He was doing whatever he could to make an impression in his first season in the Boston organization during his first call-up.
In his debut in the Stanley Cup Playoffs on Thursday in Game 4 of the Eastern Conference Second Round against the Montreal Canadiens at Bell Centre, Fraser found a way to make a huge statement.
Fraser’s game-winning goal in overtime evened the best-of-7 series 2-2 heading into Game 5 on Saturday (7 p.m. ET; NBCSN, CBC, RDS) at TD Garden. Back home where the Bruins held an optional skate Fraser did not take part in Friday, the 23-year-old wing was his humble self a little more than 12 hours after his heroics.
“You always think about it, but you never think it’ll happen to you. And it was a good play by everyone on the ice. I was just the beneficiary of it,” said Fraser, who’d been summoned to Montreal by Boston assistant general manager Don Sweeney on Wednesday. “You always want to score big goals, but I think for myself I just wanted to be a guy that was contributing, whether that was scoring goals or making sure that I was good in my own zone. I think that was more important.”
Fraser’s performance made coach Claude Julien, who’s normally tight-lipped about lineup changes, break his code of secrecy when it came to whether the 6-foot-1, 204-pound native of Red Deer, Alberta, would get another shot in Game 5.
“I think you will see him in the next game for sure; he is in,” Julien said.
Throughout the season, the Bruins received contributions from players they received from the Dallas Stars in the trade that sent forward Tyler Seguin to Texas. Forward Reilly Smith had a 20-goal regular season and has three in the playoffs. Forward Loui Eriksson battled through an injury-plagued season for 37 points in 61 games. Now Fraser has a chance to prove he was more than a throw-in.

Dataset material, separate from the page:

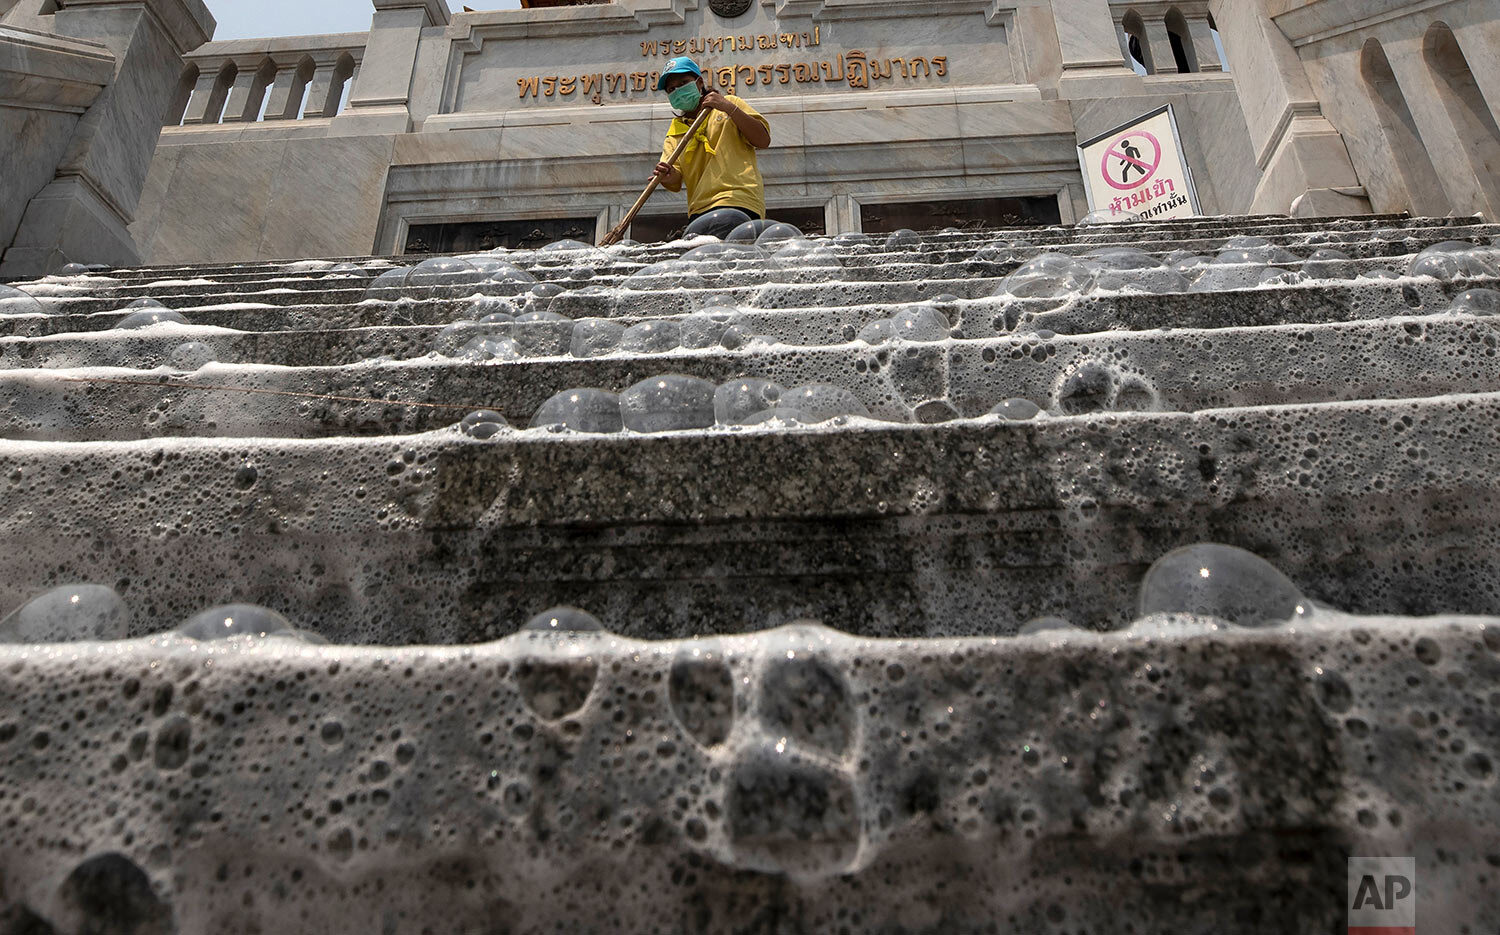  Soap bubbles cover the steps of Wat Taimit Temple as volunteers clean the public areas as a safety precaution against the new coronavirus Wednesday, March 18, 2020, in Bangkok, Thailand. (AP Photo/Sakchai Lalit)

“I’m perfectly fine with just kind of not being in the spotlight and kind of going about my business,” Fraser said.
During training camp, Fraser shared the spotlight with a handful of players who were competing for one open forward spot among the top nine. Smith, veteran returnee Jordan Caron, journeyman Nick Johnson and others battled until Smith won the position. Fraser was demoted to the Providence Bruins of the American Hockey League, where he spent most of this season.
In 42 games for Providence, Fraser had 18 goals and 28 points. Goal-scoring has never been an issue for Fraser, who scored 70 in 135 games in his first two professional seasons. He had two 30-plus-goal seasons with the Kootenay Ice of the Western Hockey League, including 36 in 2010-11. That season he signed with the Stars as an undrafted free agent.
The Bruins wanted Fraser to work on the rest of his game so his split-second release on his shot wouldn’t go to waste in a league that can tear apart a one-dimensional player. When the Bruins were hit by injuries and suspensions in December and January, they gave Fraser a look, and he showed off that release and other improvements. He’s since honed his game some more.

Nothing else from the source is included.